Mo'Nique - Julian Walker - Isaiah Washington‘Blackbird’ movie and the racial politics of homophobia

Is the long-standing and heavily debated idea that black people are more homophobic than other racial communities finally on its way out? If actor and co-executive producer, Isaiah Washington has his way with the movie, Blackbird the answer is: yes.

“I think everybody wants to put that on our community. Everything bad in the world is always us. We have to carry it all,” he said. “Does it exist in our community? Of course. But bigotry and prejudice is a little more accurate yet that exists everywhere with everybody.”

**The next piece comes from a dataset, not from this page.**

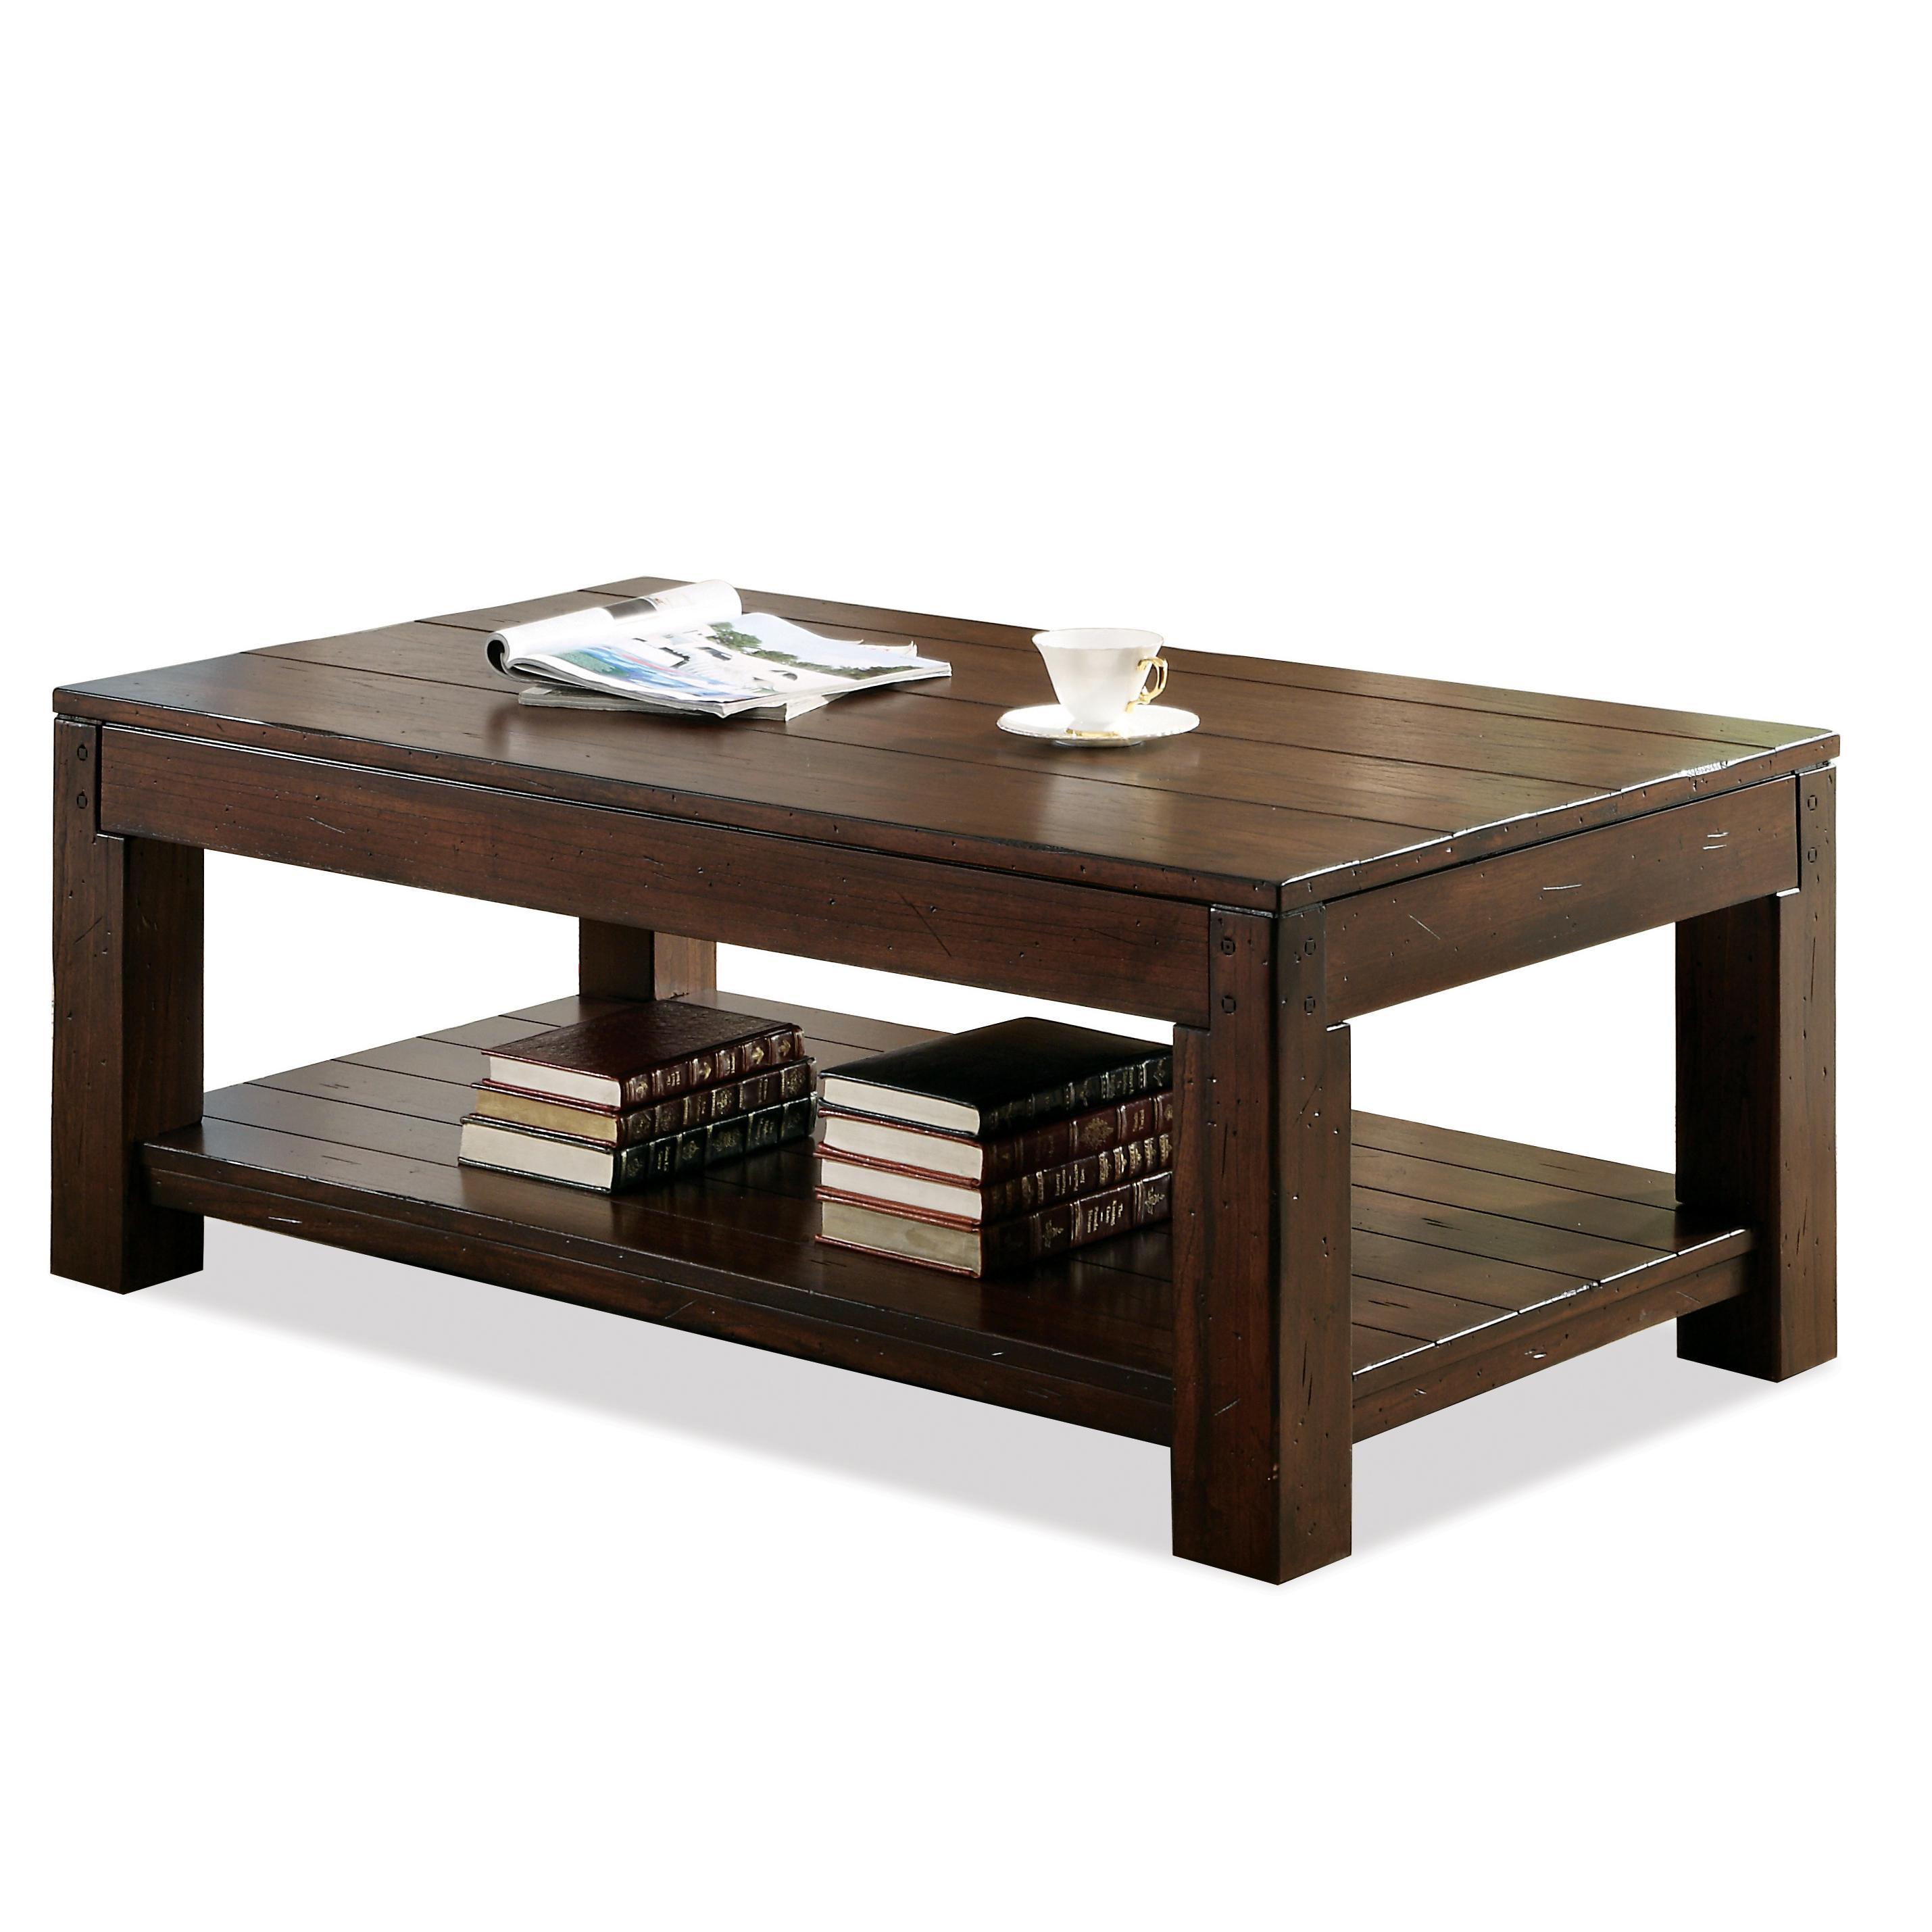 Riverside Furniture Castlewood Coffee Table - Item Number: 335-02

Washington speaks from a place of experience after facing backlash when he referred to actor T.R. Knight as a “faggot” on the set of the television series, Grey’s Anatomy. Washington was subsequently fired from the show and framed in the media as an angry, black, homophobic man—thereby feeding into the idea of pervasive homophobia in the black community. Nearly eight years later and Washington now plays the understanding father of a religious young man struggling to come to terms with being gay.

Monifah

At the film’s Harlem red carpet premiere held at the Schomburg Center, openly lesbian R&B singer Monifah shared her personal example of dispelling the myth that Black people are overwhelmingly homophobic.

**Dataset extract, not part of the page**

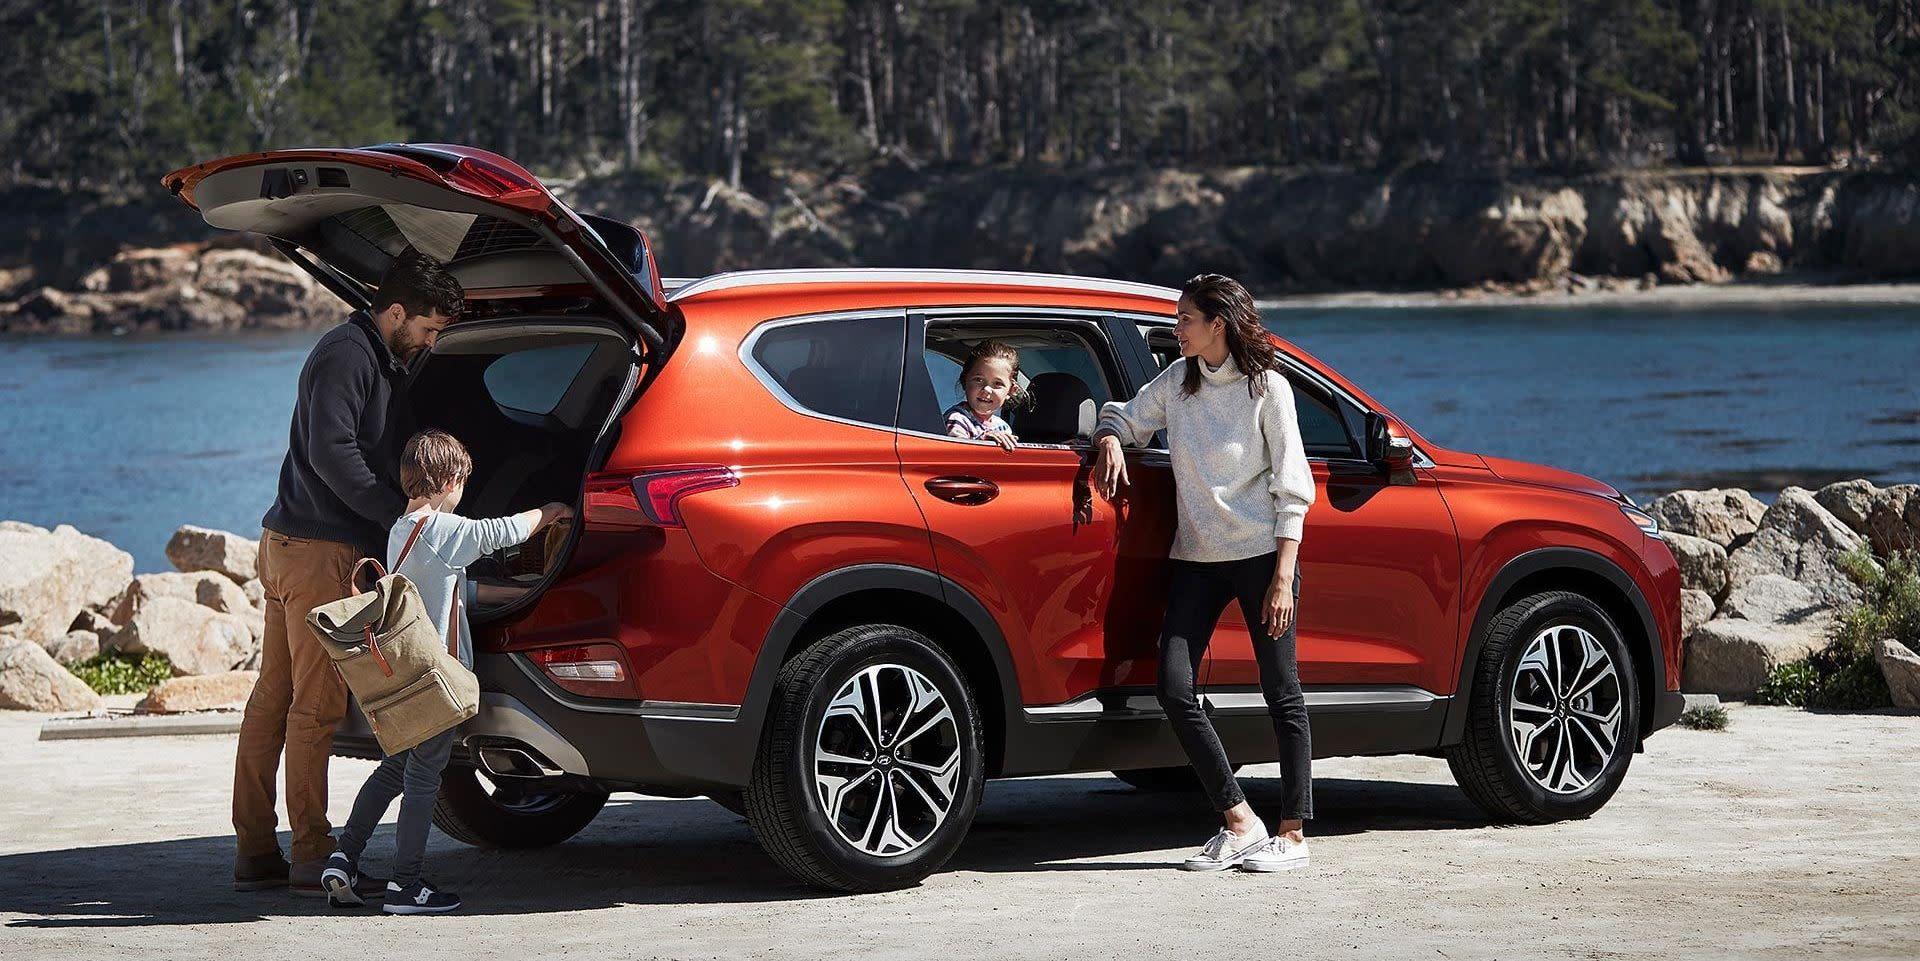 2019 Hyundai Santa Fe for Lease near College Park, MD

“My brother was a gay man and I had lots of gay family members on my mom’s side. It wasn’t abnormal to me. We were family. So I felt free to be myself,” she recalled. “I’m happy this film is pulling the covers back and asking hard questions and looking at it from every perspective.”

Blackbird is in theatres now and will air this summer on BET founder, Robert L. Johnson’s latest media platform, Urban Movie Channel.

souleoThe weekly column, On the “A” w/Souleo, covers the intersection of the arts, culture entertainment and philanthropy in Harlem and beyond and is written by Souleo, founder and president of event/media content production company, Souleo Enterprises, LLC.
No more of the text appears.